Ramesh gave up his coolie’s job however. After a while, keeping awake all night to receive the tourists proved to be difficult. It was then that he approached Suresh Gupta. ‘Can you employ me for washing the dishes in your hotel?’ he had asked. Suresh Gupta tried to dissuade him saying, ‘You will not get much by way of pay. Also, the tips you get from the tourists will not be there, how will you manage?’ But Ramesh had replied, ‘I have not even spoken to you about money.’
Anyway, it was all settled and Ramesh started working in the hotel. His work was very neat and satisfying. After all, he had been trained by the sahibs. Sometimes Suresh Gupta joked, ‘Having married a mem and being trained by sahibs, my Ramesh has turned into a black sahib himself. If only he had not succumbed to the vicious habit of drinking.’ Often Suresh Gupta’s work required leaving his hotel in Ramesh’s care, but he knew how perfectly honest Ramesh was. He would give him the keys of his cash box. This key Ramesh would hang around his neck in a sacred string. No matter how drunk, Ramesh never stole from Suresh Gupta’s cash box. It was as it were a sacred responsibility for him. Yes, he would borrow from others if need be. To this Suresh Gupta’s halwai by the name of Sukhdev remarked, ‘So much faith in a drunk. Then one day, Sukhdev went home and never came back. Suresh Gupta was very distressed. He told Ramesh, ‘How will I run this business if I don’t serve snacks and sweets with tea to my customers.’ And Ramesh answered, ‘I will make all the items that Sukhdev used to make, gulab jamun, kalaakand, rosogolla, you name it.’ Suresh Gupta retorted angrily, ‘There is no limit to your idiocy. How will you make them?’ Ramesh said, ‘At least, give me a chance’. Ramesh started making the sweets and, to his masters surprise, very successfully as well. Suresh Gupta was really impressed, and so Ramesh Munda was elevated from dish cleaner to halwai.
When his daughters visited the station, Ramesh always gave them a packet of sweets to take home
. The girls would happily bring back the sweets. But Babloo wouldn’t touch them. ‘You are greedy, you girls. You must have gone wagging your tails.’ If his mother kept some on his plate, Babloo would just get up saying, ‘I don’t like sweets,’ and walk away.
12
Pin Code 829208
Hong Kong’s changing fortune that would soon become a reality was arousing apprehension in its citizens and increasing their heartbeat. Not a day passed when the papers did not express dismay. As Dennis kept the newspaper on the table, Liza picked it up asking, ‘So what’s the news?’ ‘What else?

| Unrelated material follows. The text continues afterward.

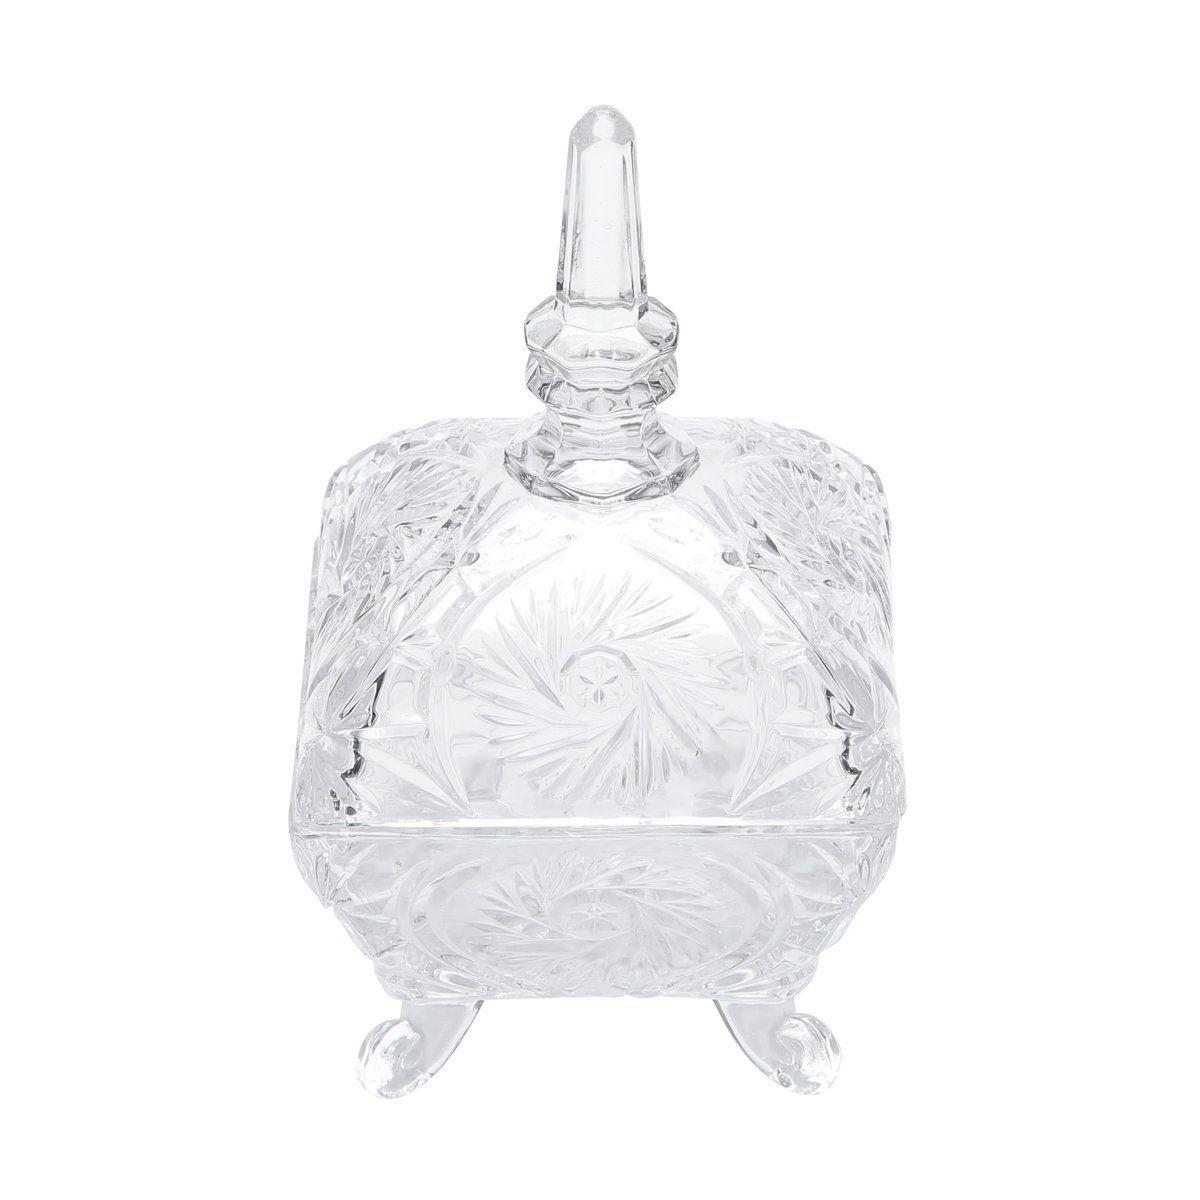 Bomboniere De Cristal Com Tampa Dragon - Lyor

But fear and terror,’ replied Dennis, himself in the grip of tension. ‘Just imagine, Liza, once Hong Kong reverts to China, we will all be reduced to second-class citizens.’

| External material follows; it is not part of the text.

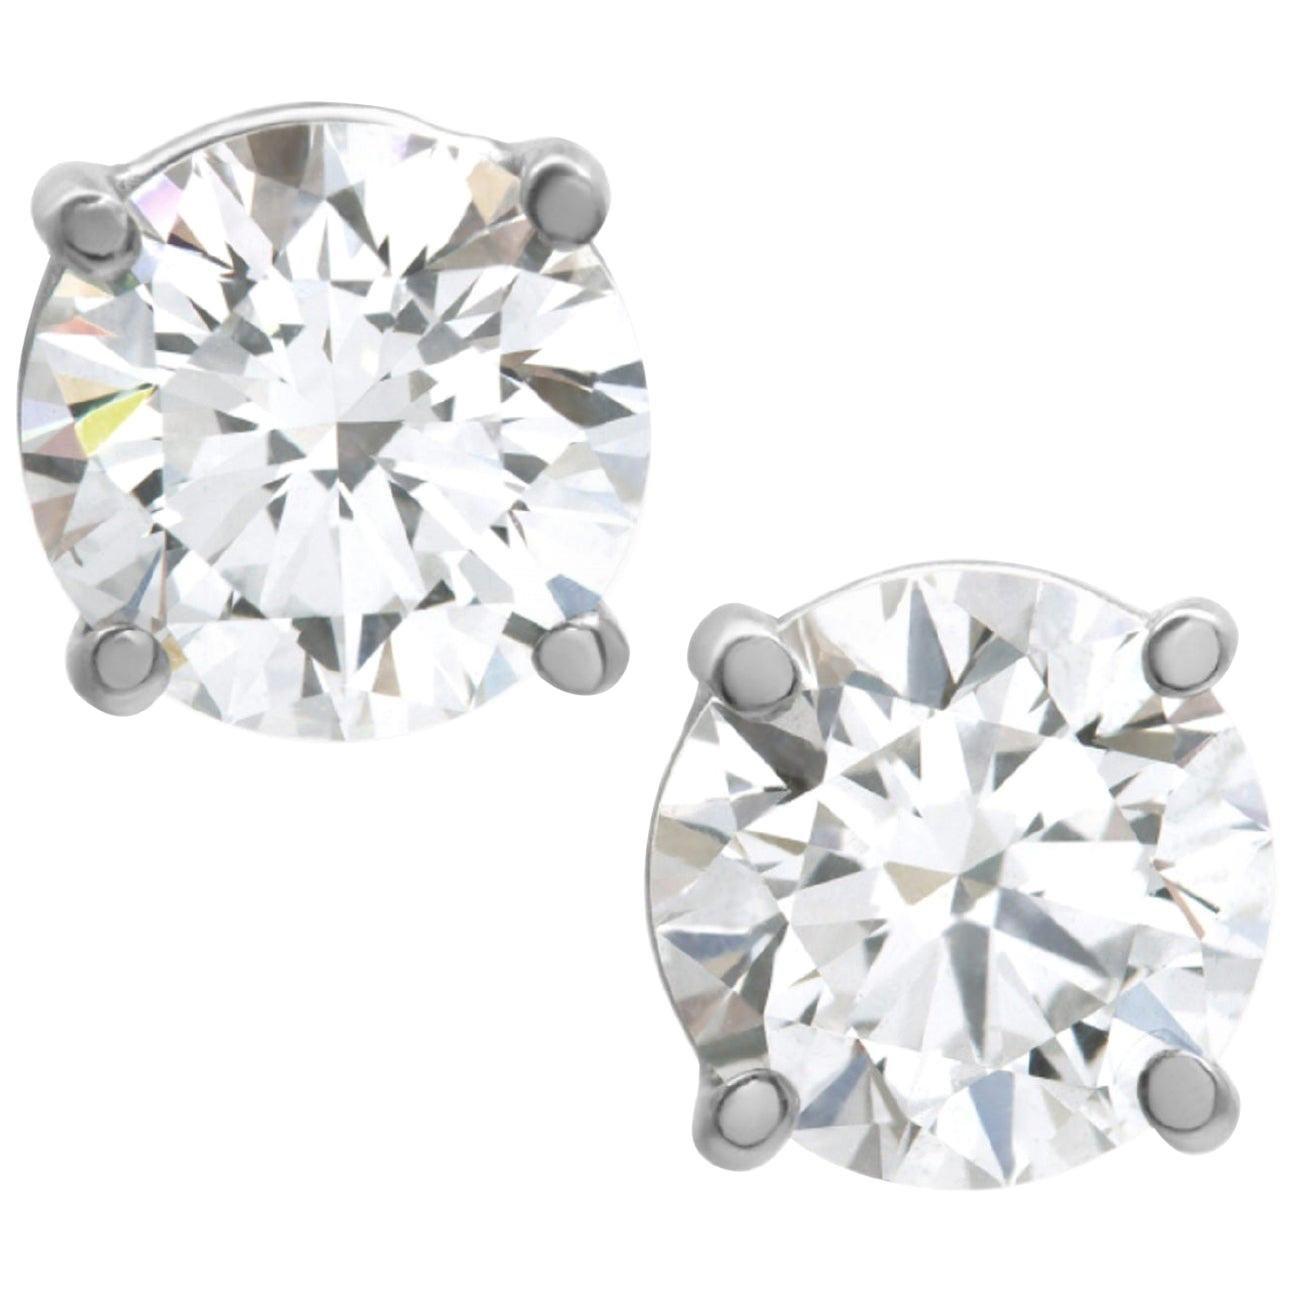 Internally Flawless D Color GIA Certified 3 Carat Diamond Studs

How long would people await their fate? Dennis recalled those moments when he and his friends, Francis and Victor, used to listen to their favourite song, ‘Be happy today, be happy today, live the moment for who knows, what lies in store tomorrow.’ It was to ensure their ‘tomorrow’ was good that so many had left and so many more were planning to leave. These included famous doctors, engineers and technocrats. There was a mass exodus for Australia and Canada. The lesser-qualified ones were heading for South Africa, Panama and the Tonga Islands. Almost 65,000 people had already left, but this was just a fraction, about 10 to 12 per cent of the population—the remainder were a mortified lot. When the communists came with their red flags and slogans, what would people like Dennis do? He felt that he had made a wrong choice in leaving McCluskieganj for Hong Kong. How the people back at home had tried to counsel him. ‘If you have to go, go to Australia, or Canada, or New Zealand. So many from McCluskieganj have settled there. What will you do in Hong Kong?’ But Dennis has always been a maverick. He insisted that he would go to Hong Kong and Hong Kong alone.